Washington Post: “'Mary Cassatt at Work' is a large and mostly satisfying exhibition devoted to the career of the great American artist beloved for her sensitive and often sentimental views of family life. The 'at work' in the title of the Philadelphia Museum of Art show references the curators’ interest in Cassatt’s pioneering effort to establish herself as a professional artist within a male-dominated field.

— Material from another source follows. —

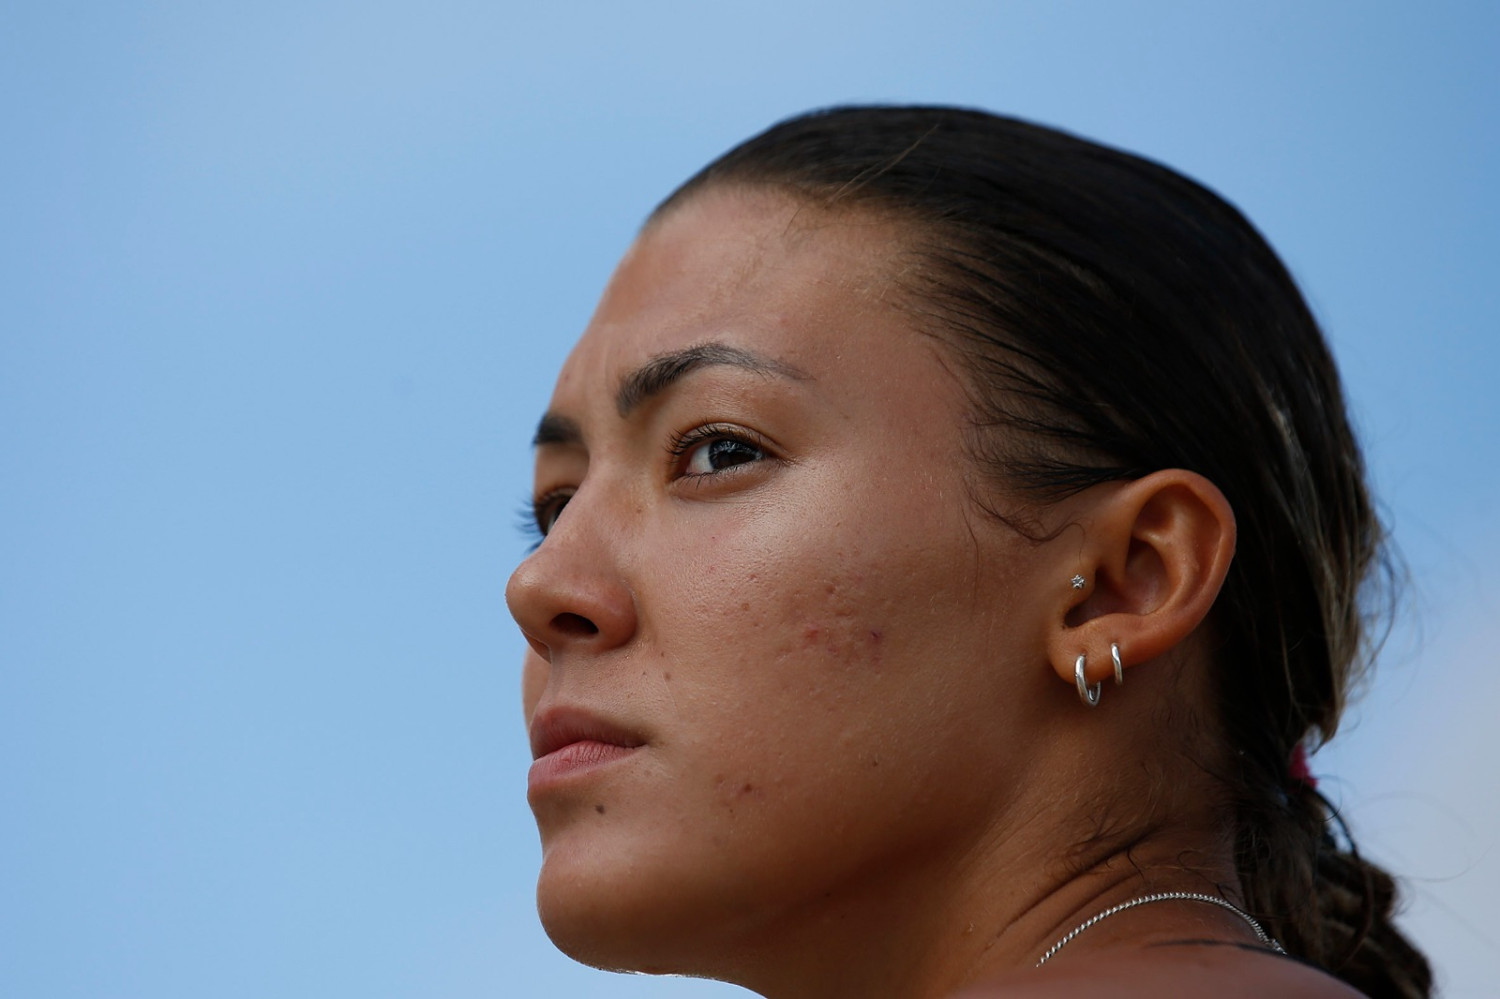 Anna Lúcia dos Santos estreia bem no Campeonato Brasileiro de Saltos Ornamentais, em Fortaleza, e garante vaga no Mundial de Doha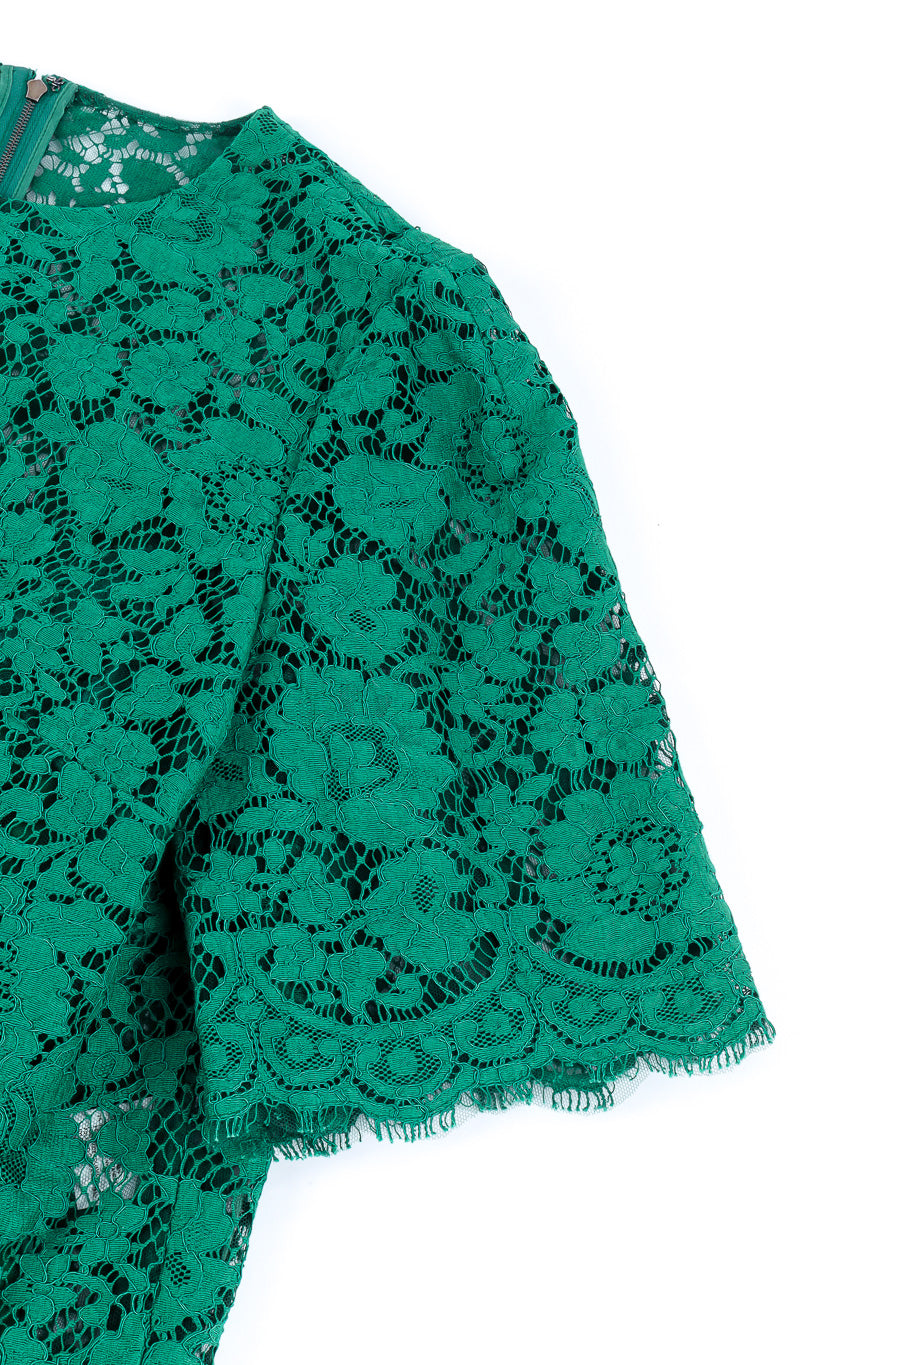 Dolce & Gabbana soutache lace top sleeve detail @recessla

Throughout the show, which includes some 130 paintings, pastels, prints and drawings, the wall text and the art on view stresses Cassatt’s fixation on art as a career rather than a pastime.... Mary Cassatt at Work is on view at the Philadelphia Museum of Art through Sept. 8. philamuseum.org

New York Times: “Bob Newhart, who died on Thursday at the age of 94, has been such a beloved giant of popular culture for so long that it’s easy to forget how unlikely it was that he became one of the founding fathers of stand-up comedy. Before basically inventing the hit stand-up special, with the 1960 Grammy-winning album 'The Button-Down Mind of Bob Newhart' — that doesn’t even count his pay-per-view event broadcast on Canadian television that some cite as the first filmed special — he was a soft-spoken accountant who had never done a set in a nightclub. That he made a classic with so little preparation is one of the great miracles in the history of comedy.... Bob Newhart holds up. In fact, it’s hard to think of a stand-up from that era who is a better argument against the commonplace idea that comedy does not age well.”

Washington Post: “An early Titian masterpiece — once looted by Napolean’s troops and a part of royal collections for centuries — caused a stir when it was stolen from the home of a British marquess in 1995. Seven years later, it was found inside an unassuming white and blue plastic bag at a bus stop in southwest London by an art detective, and returned. This week, the oil painting 'The Rest on the Flight into Egypt' sold for more than $22 million at Christie’s. It was a record for the Renaissance artist, whom museums describe as the greatest painter of 16th-century Venice. Ahead of the sale in April, the auction house billed it as 'the most important work by Titian to come to the auction market in more than a generation.'”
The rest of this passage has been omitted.